Post-Assad Syria would drop special Iran ties

BEIRUT: The collapse of the 40-year-old Assad regime in Syria would radically change the politics of the Middle East, reducing the influence of Iran and its Islamist proxy Hezbollah in Lebanon, the main Syrian opposition leader in exile has said.

Syria would align itself with the Arab League and the Gulf, Syrian National Council leader Burhan Ghalioun told the Wall Street Journal in an interview in France.

“Our future is truly tied to the Arab world and the Gulf in particular,” he was quoted as saying in a WSJ transcript.

Damascus would have no special relationship with Iran and Hezbollah if President Bashar Al-Assad lost power, he said.

“The current relationship between Syria and Iran is abnormal,” Ghalioun told the daily. “Syria is the center of the Arab Orient. It cannot live outside its relationship with the Arabian Peninsula, the Gulf countries, Egypt and others.”
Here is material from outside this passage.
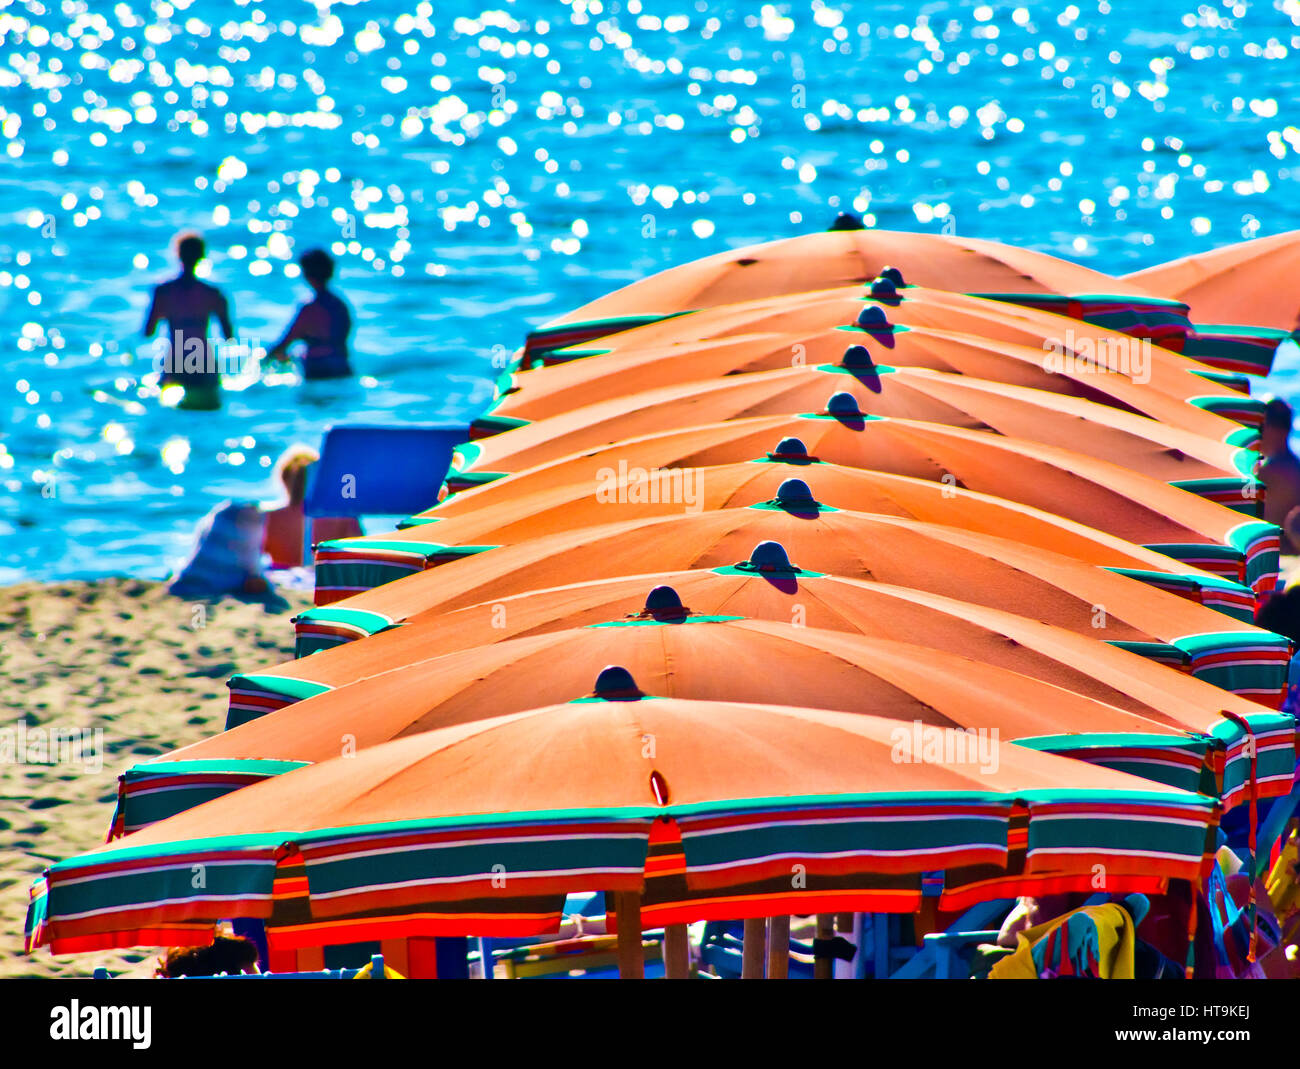 bathers on vacation on the sea background with orange umbrellas in summer with blue sky Stock Photo

“There will be no special relationship with Iran. This is the core issue – the military alliance. Breaking the exceptional relationship means breaking the strategic military alliance. We do not mind economic relations.”

Syria has had close ties with Tehran since the early years of the Islamic Republic of Iran, founded in 1979.

“As our relations with Iran change, so too will our relationship with Hezbollah. Hezbollah after the fall of the Syrian regime will not be the same. Lebanon should not be used as it was used in the Assad era as an arena to settle political scores,” Ghalioun told the paper.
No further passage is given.